Despite her freedom, it’s unclear whether Davis will follow the court’s order.

“She’ll serve the people as they want her to serve and she was elected, and she’ll also be loyal to God and she’s not going to violate her conscience,” Mat Staver, chairman of the Liberty Counsel representing Davis in federal court, told reporters after Davis was released. “So, she’s released today and we’re certainly rejoicing her release, but the court order did not resolve the underlying issue.”

Staver, adding that Davis will return to work this week, said she wants her name removed from marriage licenses, a request he says can be fulfilled by Bunning, Gov. Steve Beshear or the General Assembly, which will convene in January.

“Kim Davis cannot and will not violate her conscience,” Staver said when asked whether Davis would allow her deputies to issue marriage licenses.

Huckabee called Davis an “incredibly brave lady who decided that the courage of her convictions was more important than simply her own freedom.”

“I told Kim today that I feel like she’s shown more courage than most any politician that I know and most every pastor that I know because she’s not only said something, she’s been willing to put her life at risk in order to follow the Christ that came into her life four years ago,” said Huckabee, currently at ninth in presidential polling per an average by Real Clear Politics.

“And that’s a bold declaration of the authenticity of her faith and the reality of it.”

Huckabee, who went so far as to offer himself as a substitute for Davis if Bunning orders her back to jail, wasn’t the only GOP presidential contender to descend on the small eastern Kentucky jail.

U.S. Sen.

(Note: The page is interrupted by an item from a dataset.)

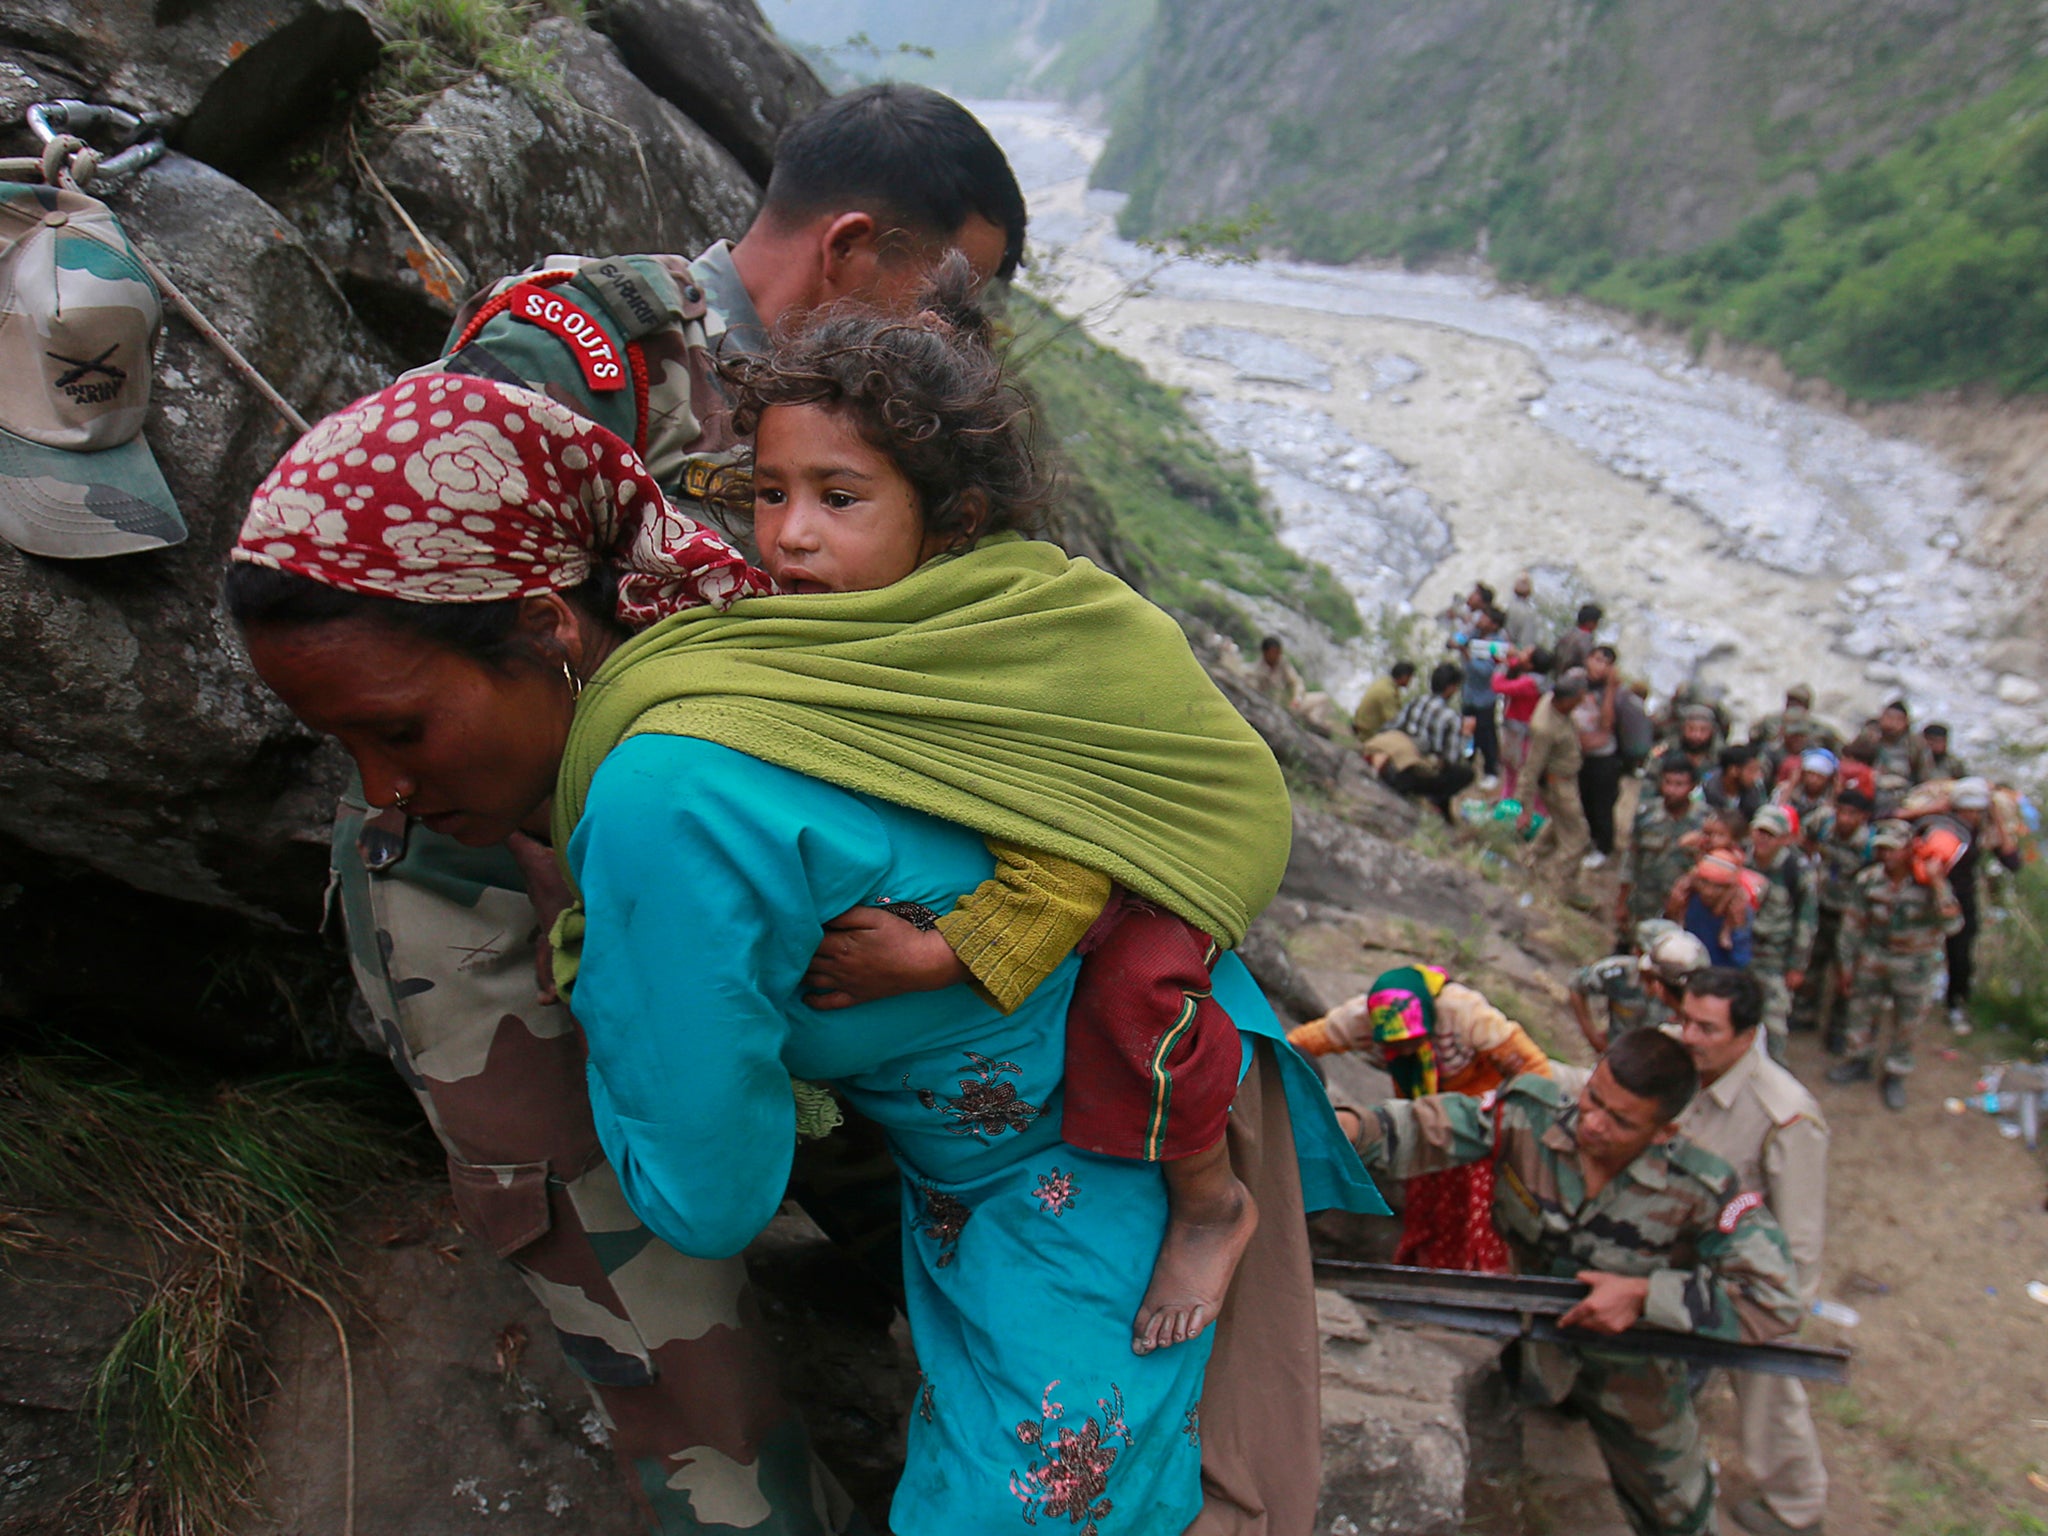 Soldiers assist a woman carrying a child on her back during rescue operations in Govindghat in the Himalayan state of Uttarakhand during the 2013 floods

Ted Cruz, R-Texas, arrived at the detention center with Republican gubernatorial nominee Matt Bevin, but he did not speak to reporters gathered outside the jail.

“He (Huckabee) doesn’t want me talking to reporters,” Cruz told a deputy jailer feet away from media.

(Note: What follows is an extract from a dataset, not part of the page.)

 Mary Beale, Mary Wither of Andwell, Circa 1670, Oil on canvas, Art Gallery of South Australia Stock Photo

The Human Rights Campaign, the country’s largest lesbian, gay, bisexual and transgender advocacy group, called Huckabee’s and Cruz’s stop in Grayson “a reckless and irresponsible trip” that celebrated a county clerk’s refusal to follow a federal court order and block others in the office “from carrying out the law.”

“The right to believe is fundamental, but the right to use taxpayer dollars to promote discrimination is not,” JoDee Winterhof, senior vice president of policy and political affairs for HRC, said in a statement. “That’s exactly why the overwhelming majority of public officials across the country are upholding the rule of law and issuing marriage licenses to all couples, including same-sex couples who are seeking to get married.”

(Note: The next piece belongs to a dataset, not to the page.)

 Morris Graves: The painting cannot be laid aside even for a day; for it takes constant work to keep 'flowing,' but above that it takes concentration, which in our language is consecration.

Tuesday marked the first public appearance by presidential candidates on Davis’ behalf, but Bevin, who spoke at the rally, has seized on her cause with Kentucky’s governor’s race less than two months to conclusion.

Democrats like Attorney General Jack Conway, his party’s gubernatorial nominee, downplayed the impact of Davis’s incarceration on their electoral prospects during a Labor Day picnic on Monday, but Bevin said after Tuesday’s rally that the matter has concerned a number of voters on the campaign trail.

Bevin said that outside urban areas, “it’s what 75 to 80 percent of people talk about, this and Planned Parenthood.”

Conway “is unwilling to come out and speak to the people of Kentucky on this issue or any other,” Bevin added.

“The man has no spine,” he said. “He’s hiding behind money. He’s hiding behind privilege. He’s hiding behind cowardice, and he’s hoping that we the people of Kentucky will be suckered into voting for him.”

Tuesday’s rally featured relentless criticism of the U.S. Supreme Court’s June 26 decision legalizing same-sex marriage, with speakers offering Davis as an example of someone jailed for their religious convictions on the divisive issue.

“I know there are some people who will say that this is a rally of hate,” Huckabee said from the back of the flatbed truck. “They would be wrong. I know this, and I think I speak for you. We don’t gather here today because we hate anybody.

“We gather here today because we love God and we love this great country, and we do not want to see this country become the smoldering remains of what was once a great republic where the people ruled and it’s exchanged for a place where five unelected lawyers think that they can rule.”